Daylight Savings Time begins Sunday, March 13; here’s how to cope with initial loss of sleep | News

Daylight Savings Time begins Sunday, March 13; here’s how to cope with initial loss of sleep

As Daylight Savings Time begins this coming Sunday, March 13, many of us will welcome the opportunity to spend more time outdoors with one extra hour of daylight.

However, the time change also means we will lose one hour of precious sleep, and when you wake up Monday morning, many people will feel sluggish and fatigued, reaching for that cup of joe for an energy boost.

Dr. Kendra Becker, a sleep medicine physician with Kaiser Permanente San Bernardino, says preparing your body for setting your clocks forward one hour will help you to better cope with the time change, as the effects on your sleep cycle could have dangerous consequences unless you take certain steps to minimize the impact.

“This temporary loss of sleep can increase your tiredness, worsen your performance of tasks, and studies have shown it could also increase your risk of heart attacks and car accidents,” she cautioned. “Children affected by sleep deprivation also have a harder time in school and potentially worsened behavior.”

Dr. Becker noted our internal sleep cycle often shifts and normalizes within a few days, or up to one week after Daylight Savings Time starts. She recommends doing the following to help you adjust and minimize any potential negative effects on your health:

• Ideally, start preparing for the time change a couple of days before, as you would when you travel across time zones.

• To help you better adjust your sleep cycle, start going to bed 15 minutes earlier each night for up to three to four days before the time change.

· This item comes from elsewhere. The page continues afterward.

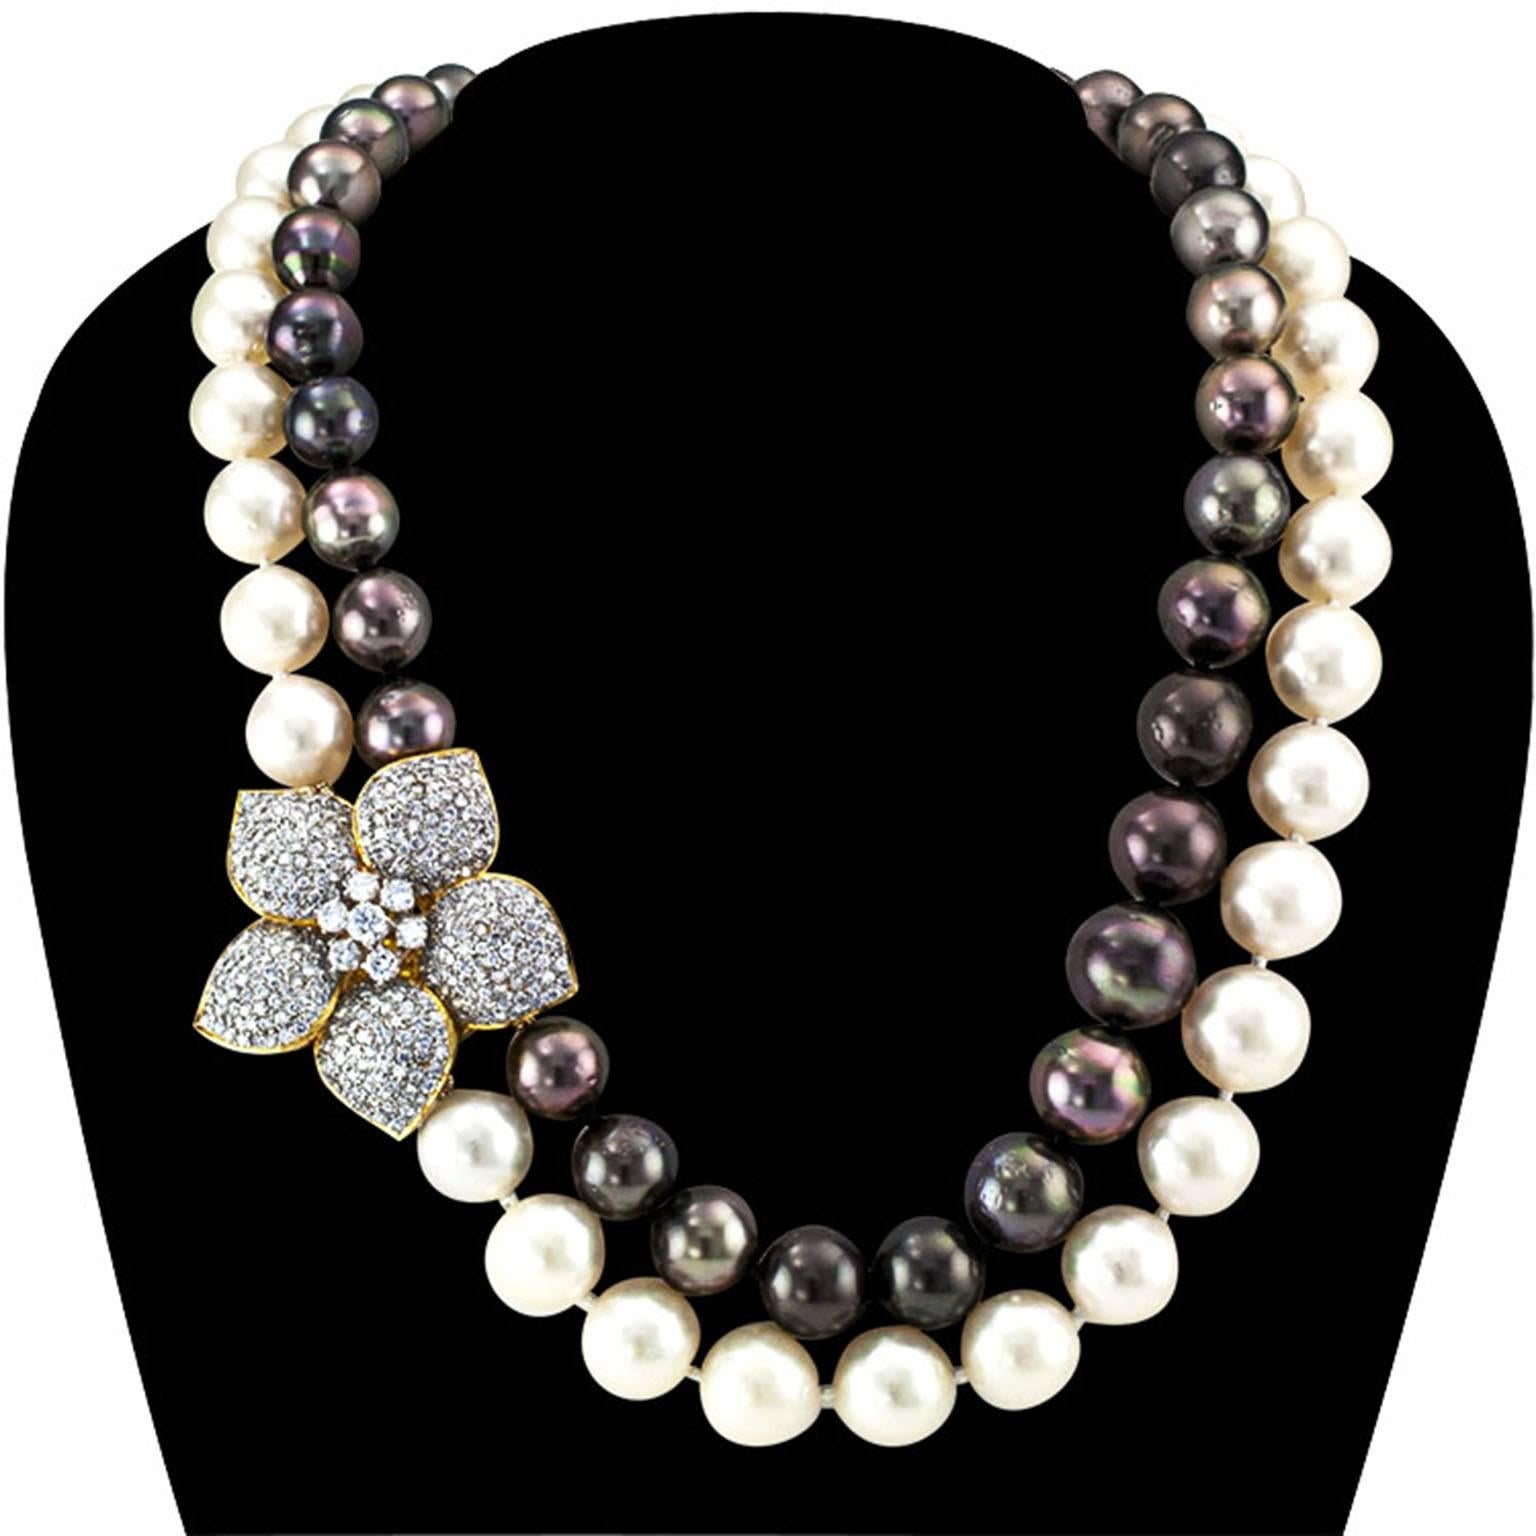 Contemporary Tahitian and South Sea Pearl Necklace With Diamond Flower Clasp
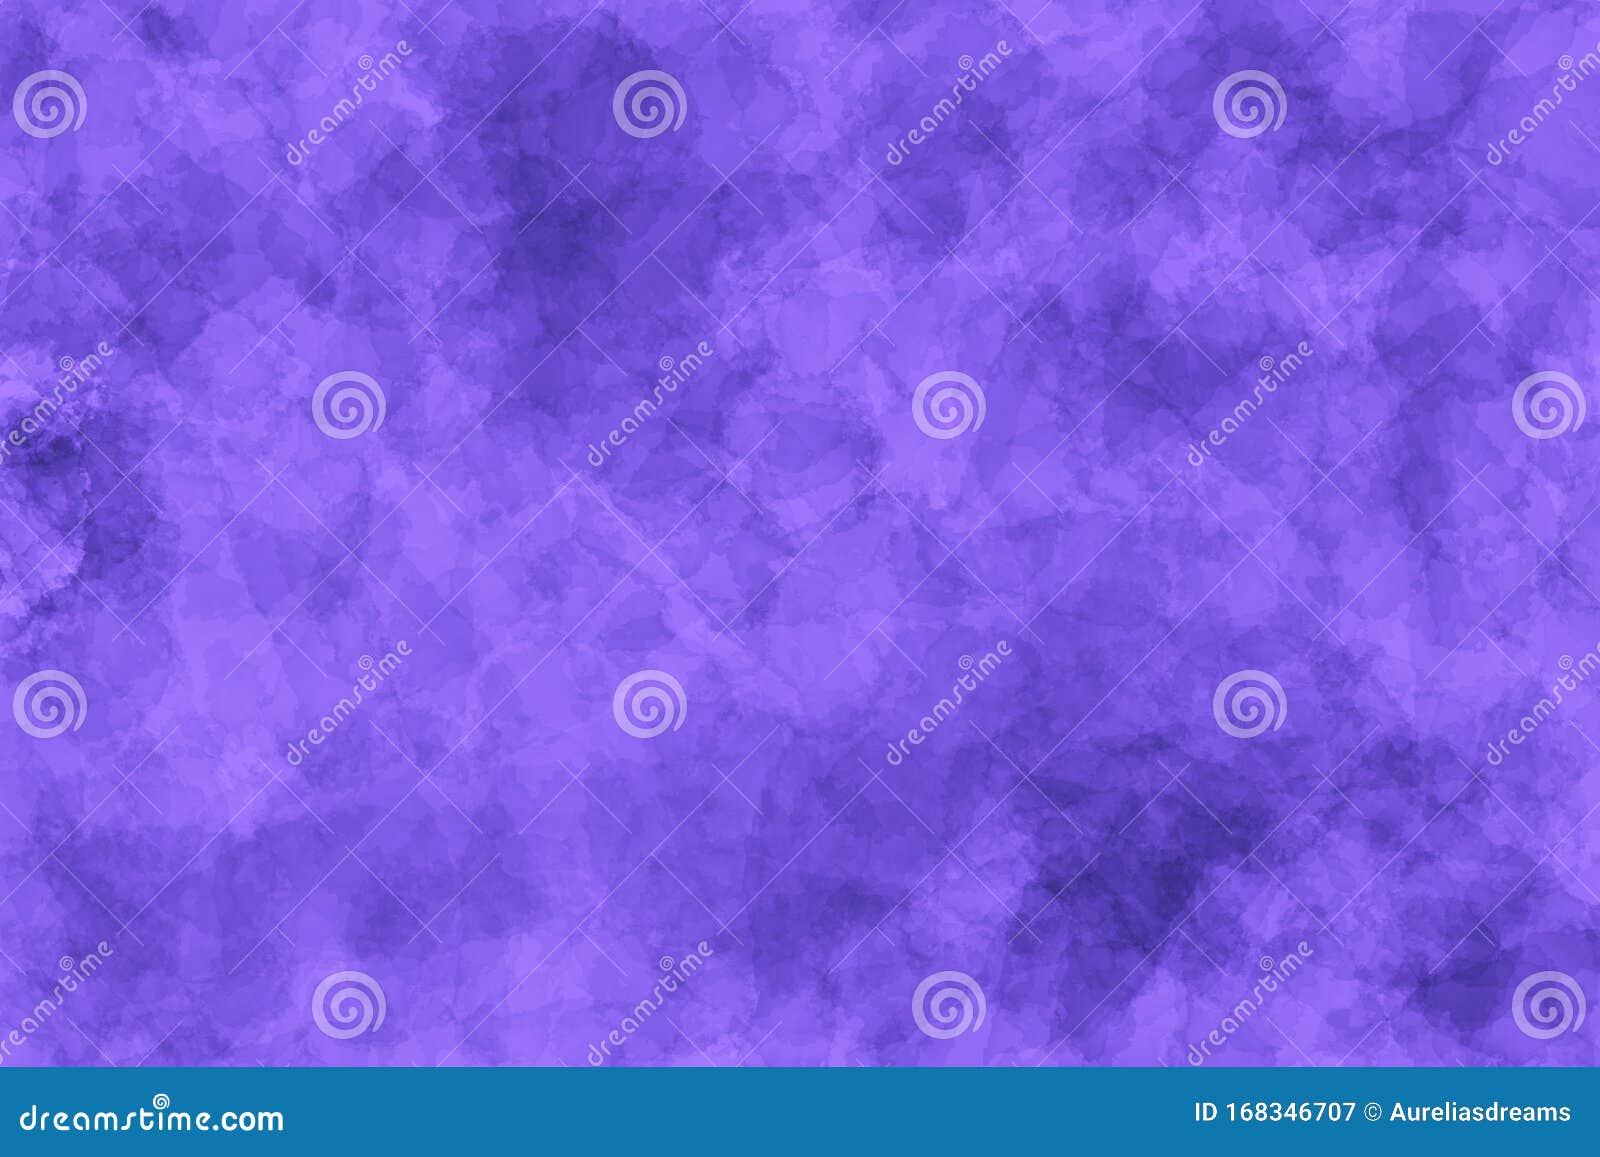 Digital Painted Background in Shades of Lilac. Variety Paint Mix on ...

• Expose yourself to bright sunlight in the morning. This will help your brain secrete melatonin naturally and earlier in the evening to help with the shifting of your body’s internal clock.

• Finally, practice good sleep hygiene: avoid electronics, late snacks, caffeine and alcohol before going to bed.

“Losing an hour of sleep may be challenging for many in the beginning, but it doesn’t have to be hard,” Dr. Becker said. “It’s all about embracing the change and taking steps to minimize the impact. After all, we don’t have a choice. The time change will take place whether we want it to or not, so from a health standpoint, we need to adjust and embrace it!”